- [DATA SHOWN]:
============

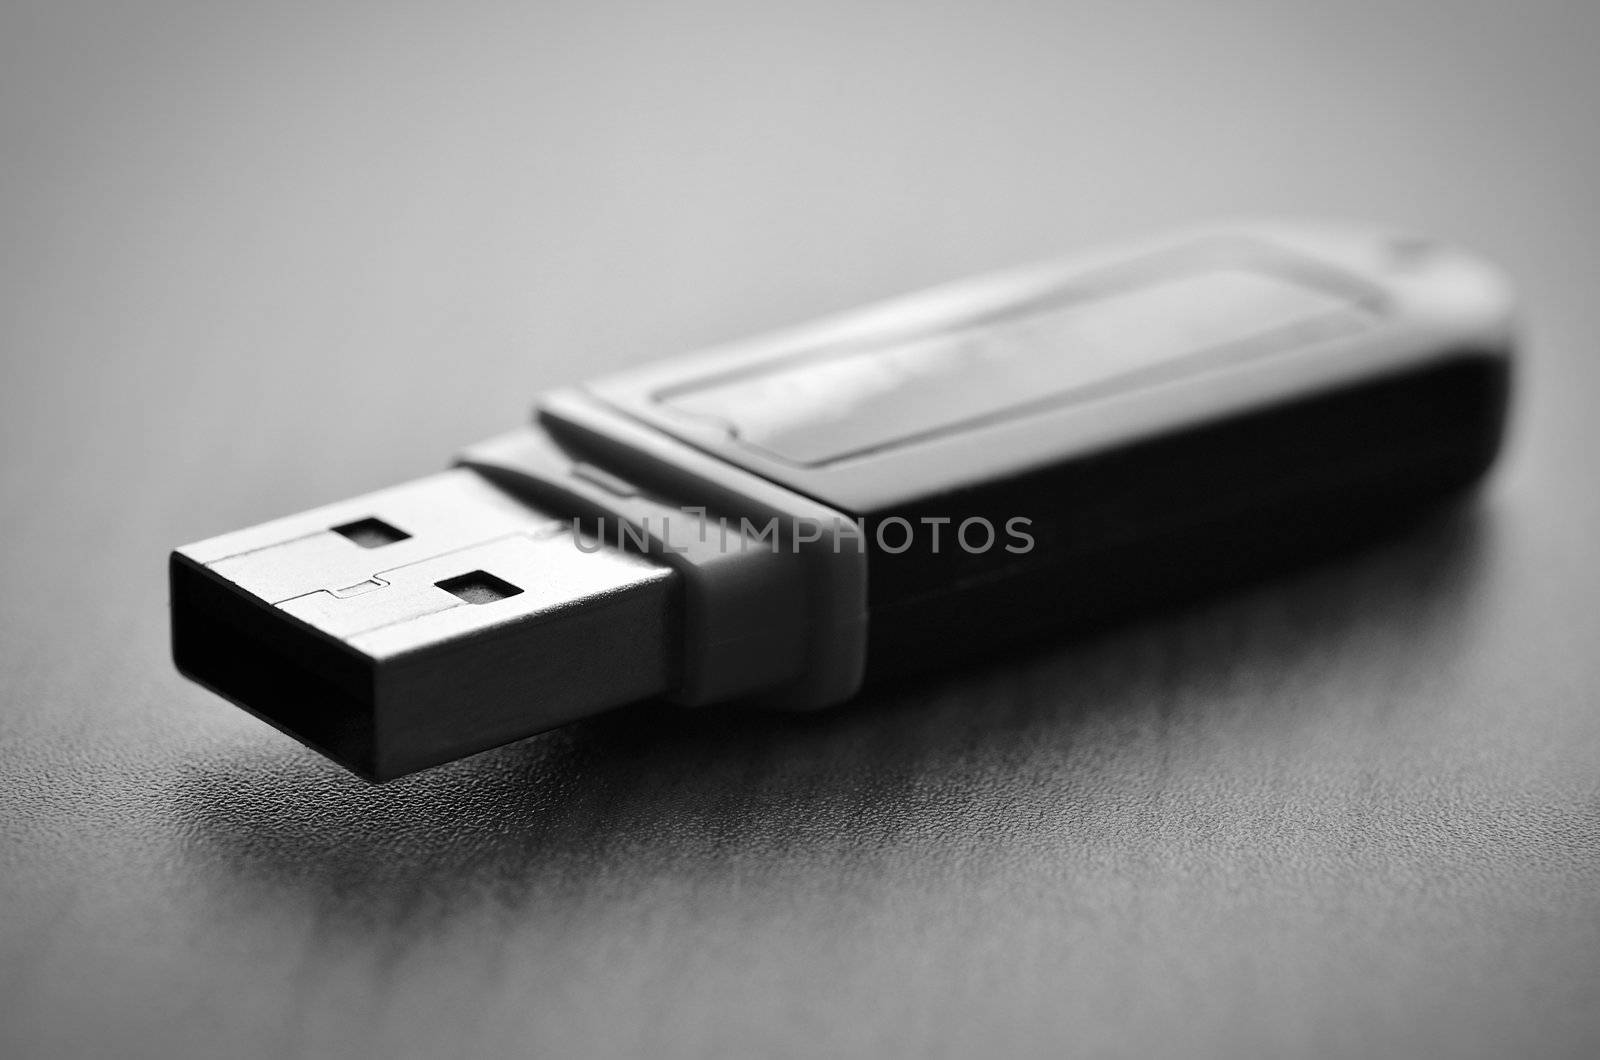 Pendrive close up by silent47
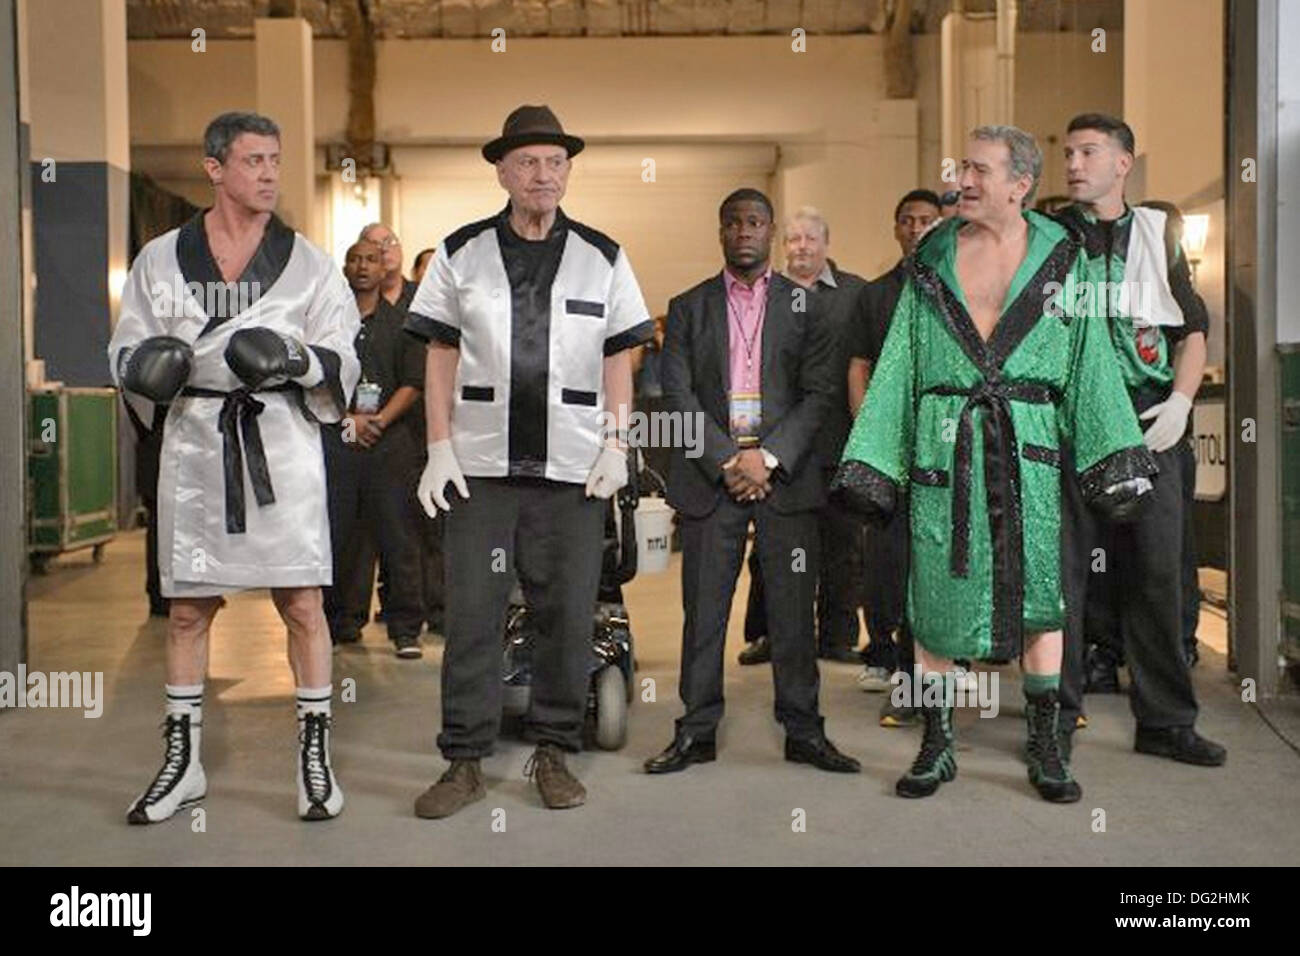 GRUDGE MATCH 2013  Warner Bros film ith Sylvester Stallone at left and Robert De Niro in green Stock Photo
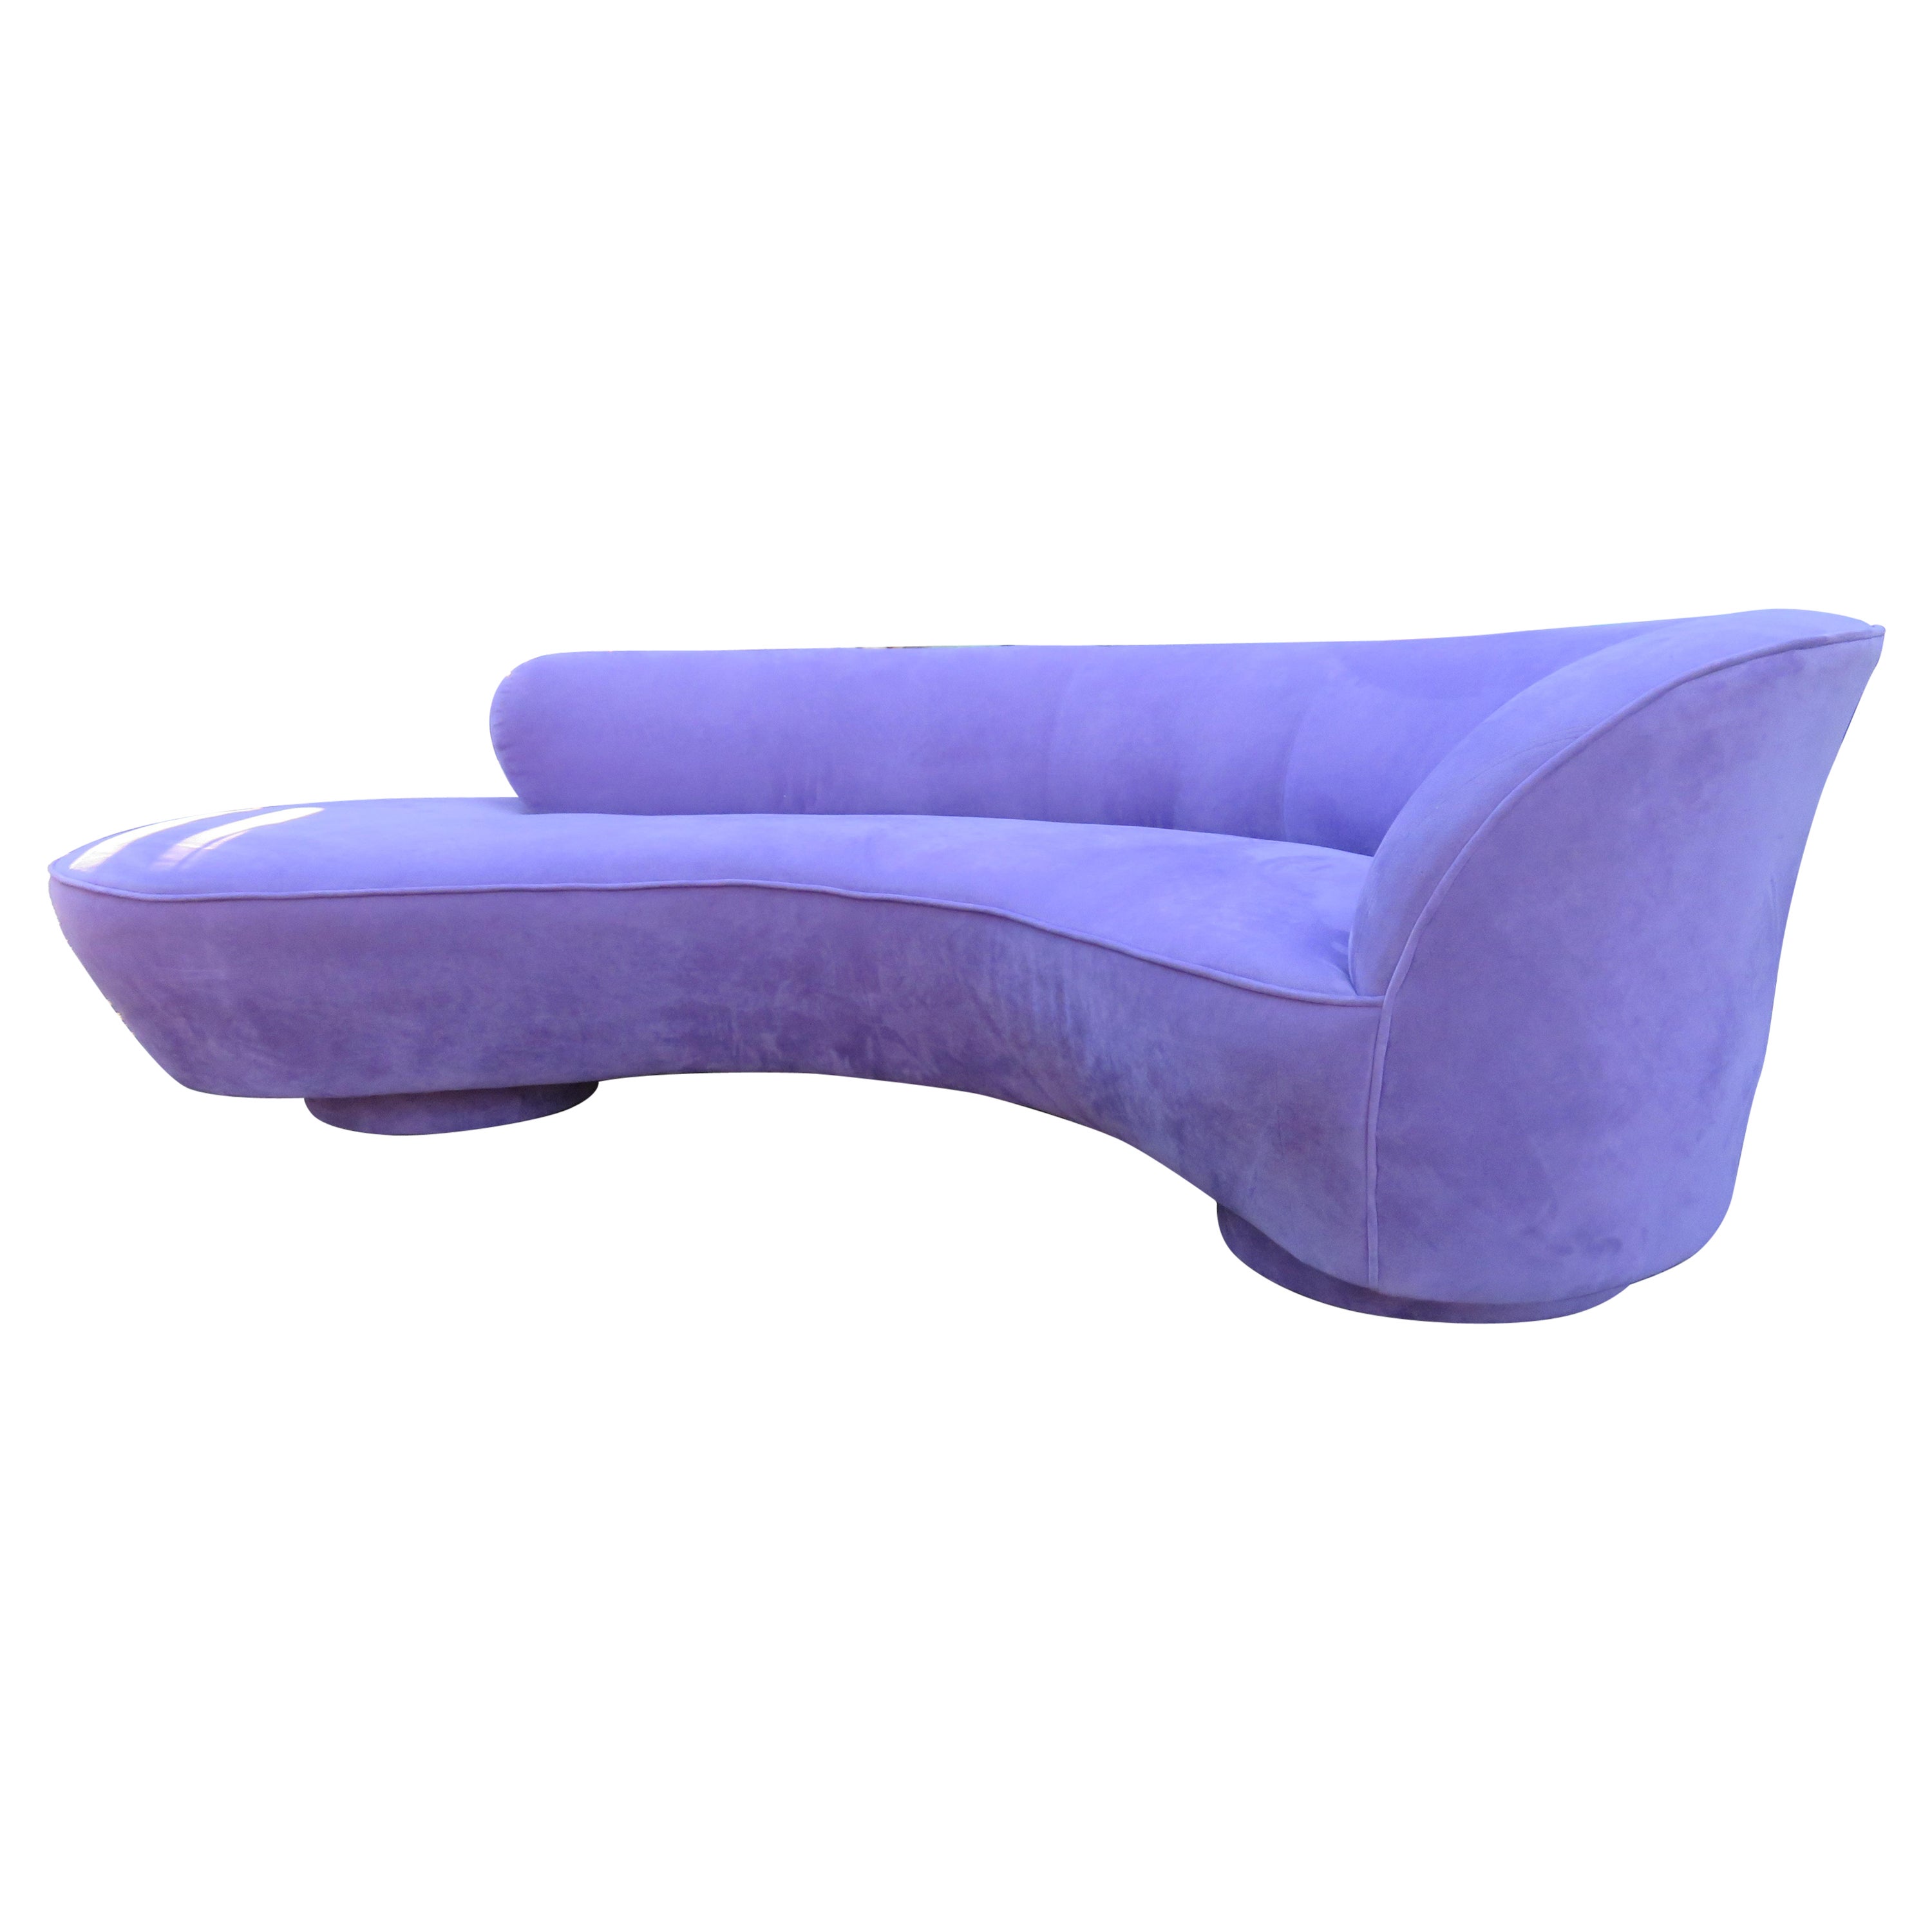 Fabulous Vladimir Kagan Curved Cloud Sofa Directional with Lucite Support

============

- [ASSIGNED TASK]:
Omit the pictures and repeat the rest of the listing verbatim.

- [EXERCISE ANSWER]:
 Pendrive close up by silent47
 GRUDGE MATCH 2013  Warner Bros film ith Sylvester Stallone at left and Robert De Niro in green Stock Photo
 Fabulous Vladimir Kagan Curved Cloud Sofa Directional with Lucite Support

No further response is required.